The application of nitrogen-based fertilizers and manures in many areas has been excessive, with large proportions of the added fertilizer providing no benefit to crop yield, but inducing increased leaching and elevated N2O emissions. Better targeting of fertilizer applications, both in space and time, can significantly reduce N2O emissions from agricultural soils. Land management strategies that accurately take account of the optimum amounts of fertilizer addition necessary for maximum crop yield and minimum waste are therefore crucial.

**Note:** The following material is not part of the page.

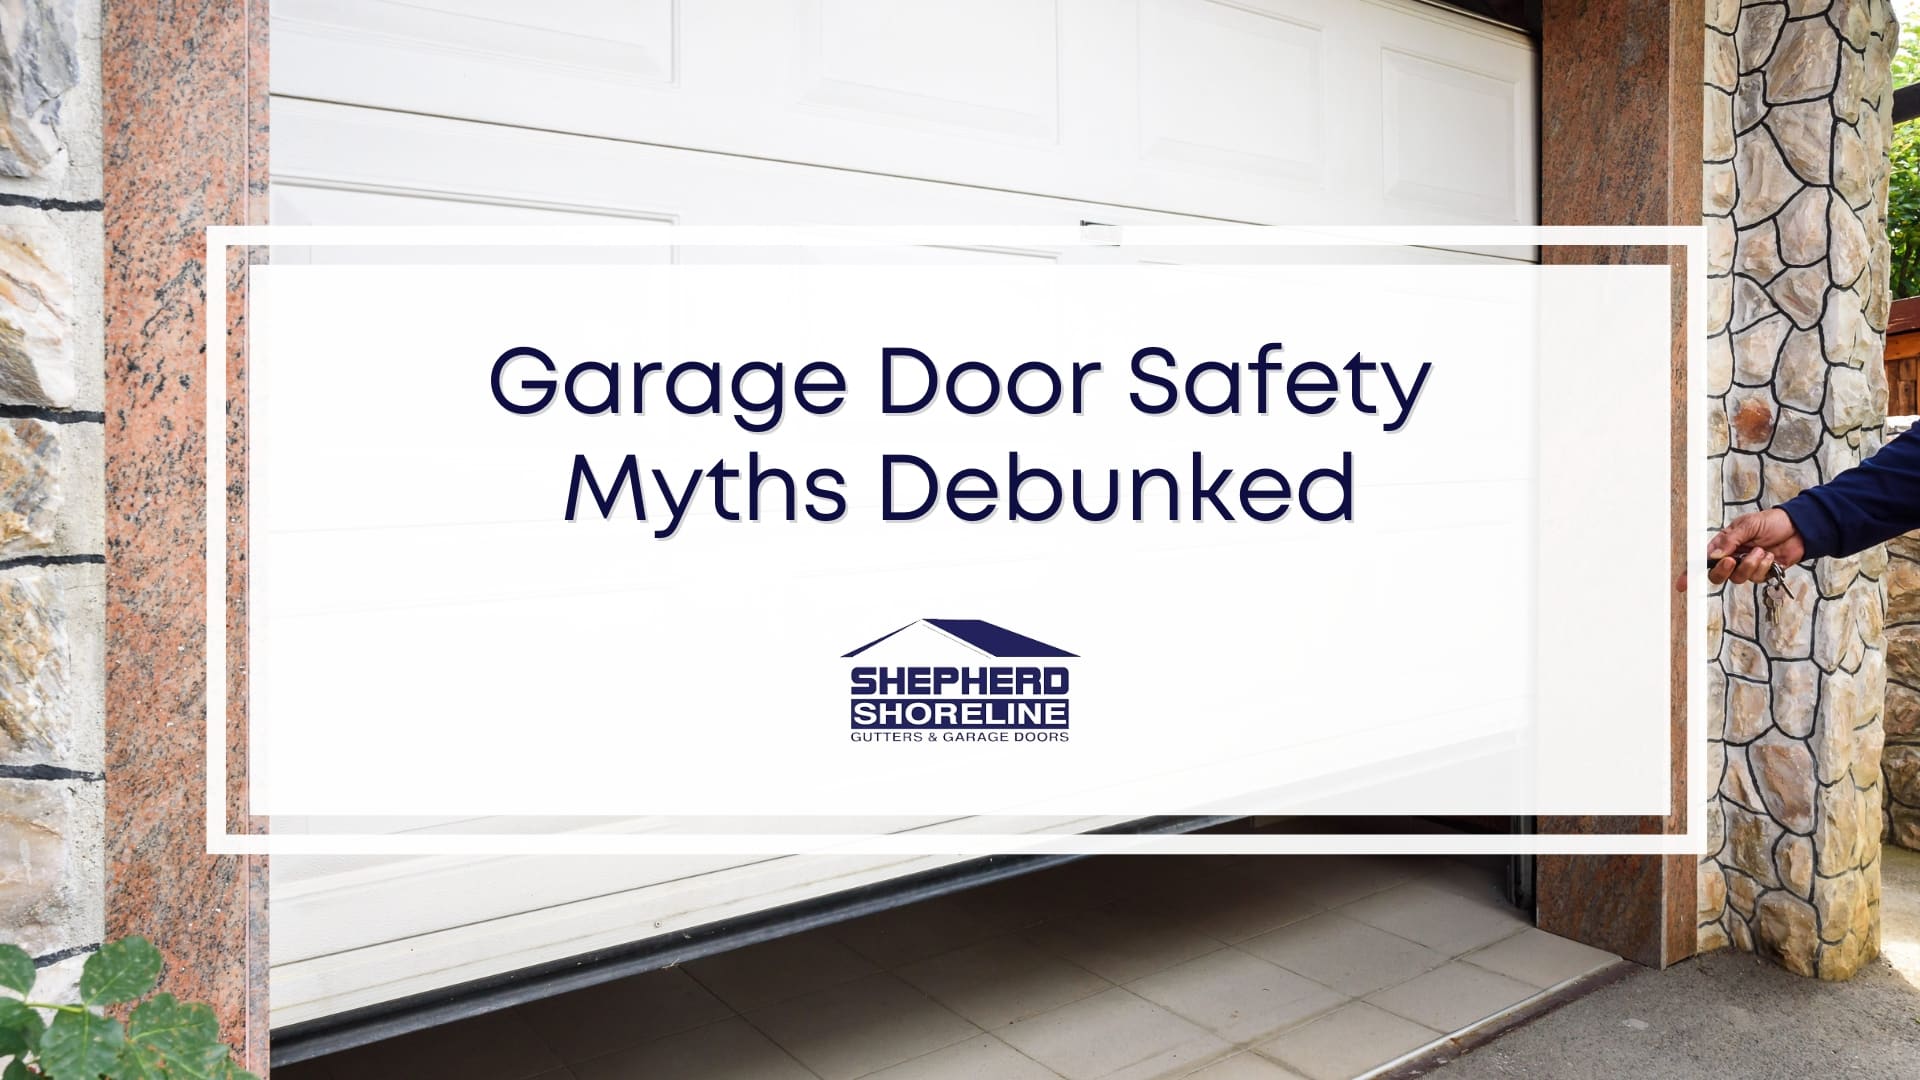 Featured image of garage door safety myths debunked

Indirect agricultural sources of N2O remain poorly defined in most cases. There are several ways in which such indirect emissions occur. The most important of these is thought to be the N2O arising from nitrogen leaching and runoff from agricultural soils.
After fertilizer application or heavy rain, large amounts of nitrogen may leach from the soil into drainage ditches, streams, rivers and eventually estuaries. Some of the N2O produced in agricultural soils is also lost in this way, as it is emitted to the atmosphere as soon as the drainage water is exposed to the air. Still more N2O is produced from such polluted drainage waters when the leached nitrogen undergoes the processes of nitrification or denitrifica-tion in aquatic and estuarine sediments. Other important indirect N2O sources from agricultural soils include the volatilization of NH3 and subsequent deposition of this nitrogen on other soils. Increased food consumption and consequent increases in municipal sewage treatment - also rich in nitrogen - have led to increased indirect N2O emissions.
Again, it is through properly informed land management practice and fertilization campaigns that N2O emissions from agriculture can be reduced. Much of the impetus for control of nitrogen-based fertilizers has come from concern over high nitrate levels in drinking water supplies and the threat of eutrophication in estuaries and coastal waters. Individual governments have enacted changes in policy to bring about reductions in nitrogen leaching, with areas designated as 'nitrate-vulnerable zones' (NVZs) requiring particular attention in the UK.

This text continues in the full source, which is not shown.